UK post-Brexit rules to 'turn off tap' of low-skilled foreign labor

In this file photo taken on October 9, 2018 Anti-Brexit campaigner Steve Bray (L) and other activists stand outside parliament with EU and Union Flags as they protest in Parliament Square in London. (AFP photo)

Britain will no longer accept low-skilled labor from overseas and make it a requirement for anyone wishing to come to the country to have a job offer and meet salary and language requirements.

On January 31, the United Kingdom officially left the European Union after 47 years of membership, in a step cast by Prime Minister Boris Johnson as the dawn of new era.

Despite the withdrawal, a transition period is still in effect until Dec. 31, during which time little changes.

As part of setting post-Brexit rules, interior minister Priti Patel said that the country will “turn off the tap” of foreign, low-skilled labor.

“Our new immigration system will turn off the tap of cheap, foreign low-skilled labor,” Patel wrote in The Sun on Sunday newspaper.

“From next year, all skilled workers will need to earn enough points to work in the UK. They will need to speak English, have a firm job offer, and meet the salary requirements.”

He went on to say that “overall numbers” would decline under the plan.

The government, however, said it would grant extra points to those immigrants working in sectors where there is a skills shortage.
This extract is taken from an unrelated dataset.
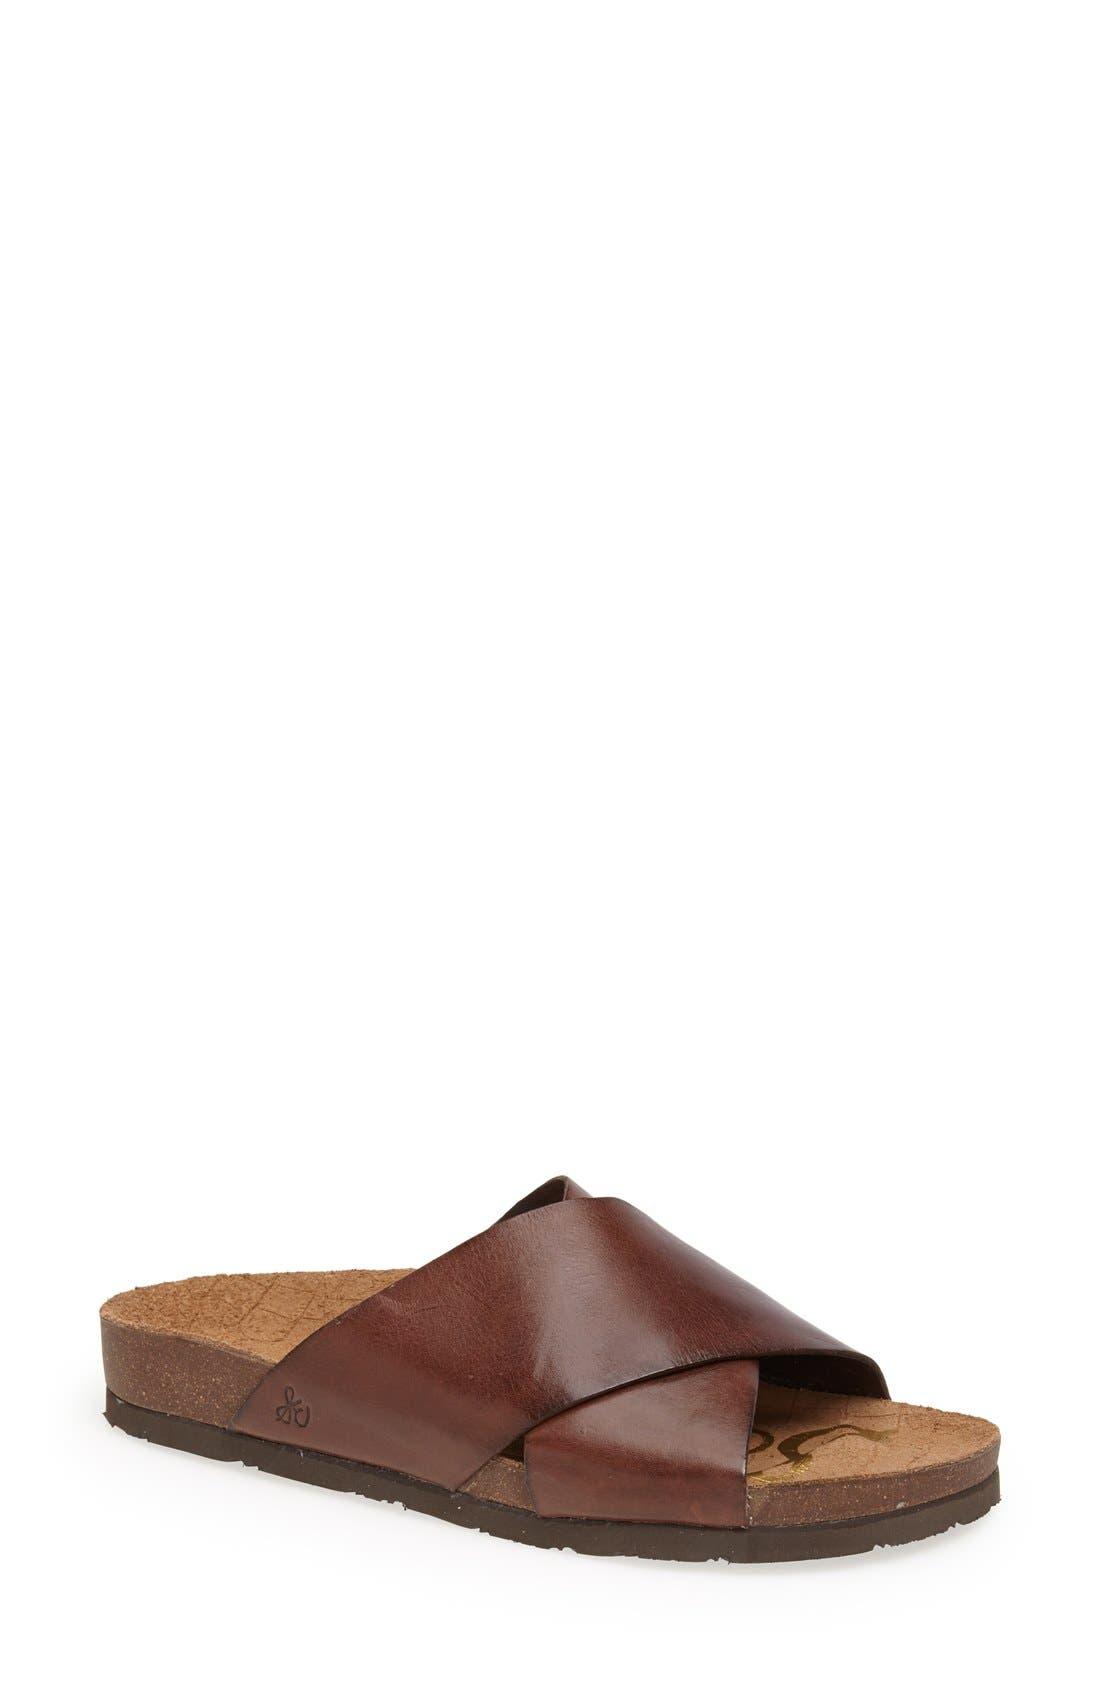 'Adora' Sandal,                             Main thumbnail 4, color,

Some opposition politicians have said that new restrictions could badly affect public services like the National Health Service which in certain areas depends on EU citizens who work as doctors and nurses.

After more than three years of wrangling, Britain remains as split over leaving the EU as it was in the 2016 referendum where Britons voted with a slight majority for their country to leave the union.

Johnson pledged to deliver a clean Brexit after winning the December 12 general election. He had called for the election in order to break a deadlock in parliament, which had blocked the country’s withdrawal from the European Union, more than three and a half years after the Brexit referendum in 2016.

London and Brussels will now spend this year having negotiations on the terms of a post-Brexit deal which will come into effect on Jan. 1.